Most strings are tiny, O complexity doesn’t really apply here. Scanning a string to see if all characters are ascii is one of the fastest operation a cpu can do. Faster than allocating memory to put in a hash map and doing a lookup.

But I don’t really trust my instinct on those things; just build it and see if it changes anything in the perf.

For your comment about startup time, we keep the node process alive so I’m not super interested in this.

sompylasar added a commit to sompylasar/prettier that referenced this issue Jul 1, 2018
- `--debug-benchmark` uses `benchmark` module to produce statistically significant time measurements.
- `--debug-repeat` uses a naive loop and measures just the average run time, but useful for profiling to highlight hot functions.
@sompylasar
Copy link
Contributor

Most strings are tiny, O complexity doesn’t really apply here. Scanning a string to see if all characters are ascii is one of the fastest operation a cpu can do. Faster than allocating memory to put in a hash map and doing a lookup.

Yes, I hear you. Although I believe it should not copy the string into the hashmap if the key string is already in the JS heap (but no hard evidence of that).

But I don’t really trust my instinct on those things; just build it and see if it changes anything in the perf.

Yes, that's why I started from measuring, and then tweaked the code to find opportunities to optimize.

For your comment about startup time, we keep the node process alive so I’m not super interested in this.

Good to know, this means the benchmark options I added are relevant to measure just the function you're interested in optimizing.

Please have a look (tell me if you want to see it in a PR, and should the PR include the benchmark options commit):
sompylasar@d43e022

// eslint-disable-next-line no-control-regex
const notAsciiRegex = /[^\x20-\x7F]/;

function getStringWidth(text) {
  if (!text) {
    return 0;
  }

  // shortcut to avoid needless string `RegExp`s, replacements, and allocations within `string-width`
  if (!notAsciiRegex.test(text)) {
    return text.length;
  }

  // emojis are considered 2-char width for consistency
  // see https://github.com/sindresorhus/string-width/issues/11
  // for the reason why not implemented in `string-width`
  return stringWidth(text.replace(emojiRegex, "  "));
}

getStringWidth dropped significantly in the Profiler Heavy (Bottom-Up).

Before

Total run time for 1000 repetitions for LspLanguageService.js is 182276ms, average run is 181.80ms.
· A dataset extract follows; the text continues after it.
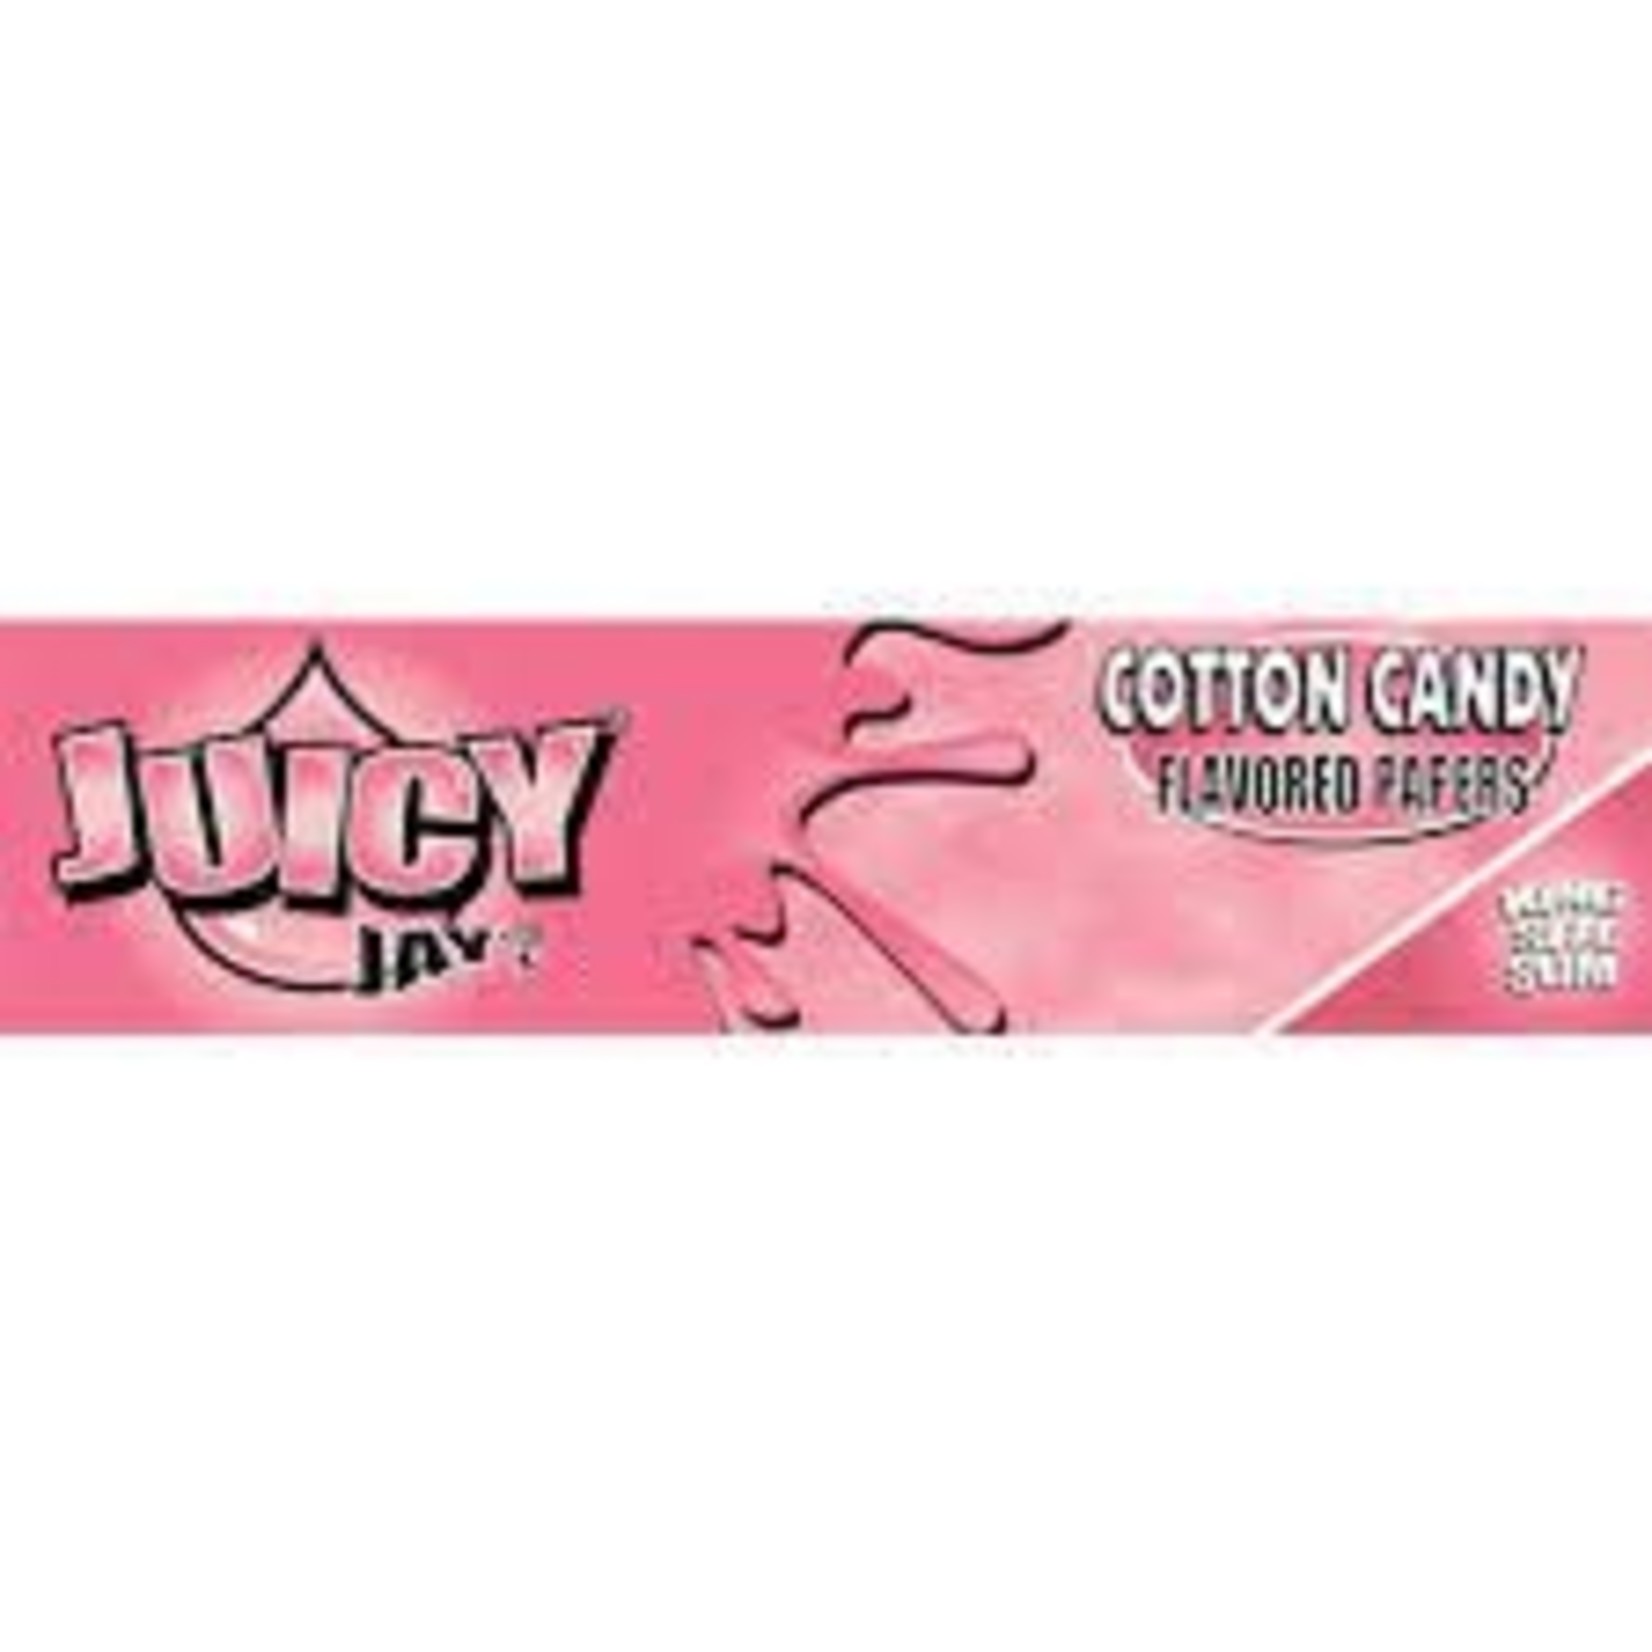 Juicy Jay's Cotton Candy

$ cat LspLanguageService.js | NODE_ENV=production node --inspect-brk ./bin/prettier.js --stdin-filepath LspLanguageService.js --loglevel debug --debug-repeat 1000 > /dev/null
Debugger listening on ws://127.0.0.1:9229/d085f49d-a12c-432e-ad7e-acf322152bd3
For help see https://nodejs.org/en/docs/inspector
Debugger attached.
[debug] normalized argv: {"color":true,"editorconfig":true,"stdin-filepath":"LspLanguageService.js","loglevel":"debug","debug-repeat":"1000","plugin-search-dir":[],"plugin":[],"ignore-path":".prettierignore","config-precedence":"cli-override","_":[]}
[debug] resolve config from '/Users/ivanbabak/_sompylasar/_github/prettier/LspLanguageService.js'
[debug] loaded options `null`
[debug] applied config-precedence (cli-override): {"filepath":"LspLanguageService.js"}
[debug] '--debug-repeat' option found, running formatWithCursor 1000 times.
[debug] '--debug-repeat' measurements for formatWithCursor: {
[debug]   "repeat": 1000,
[debug]   "hz": 5.500298017789999,
[debug]   "ms": 181.80833052420616
[debug] }
Waiting for the debugger to disconnect...

before

After

Total run time for 1000 repetitions for LspLanguageService.js is 145246ms, average run is 144.85ms (20.32% speed-up).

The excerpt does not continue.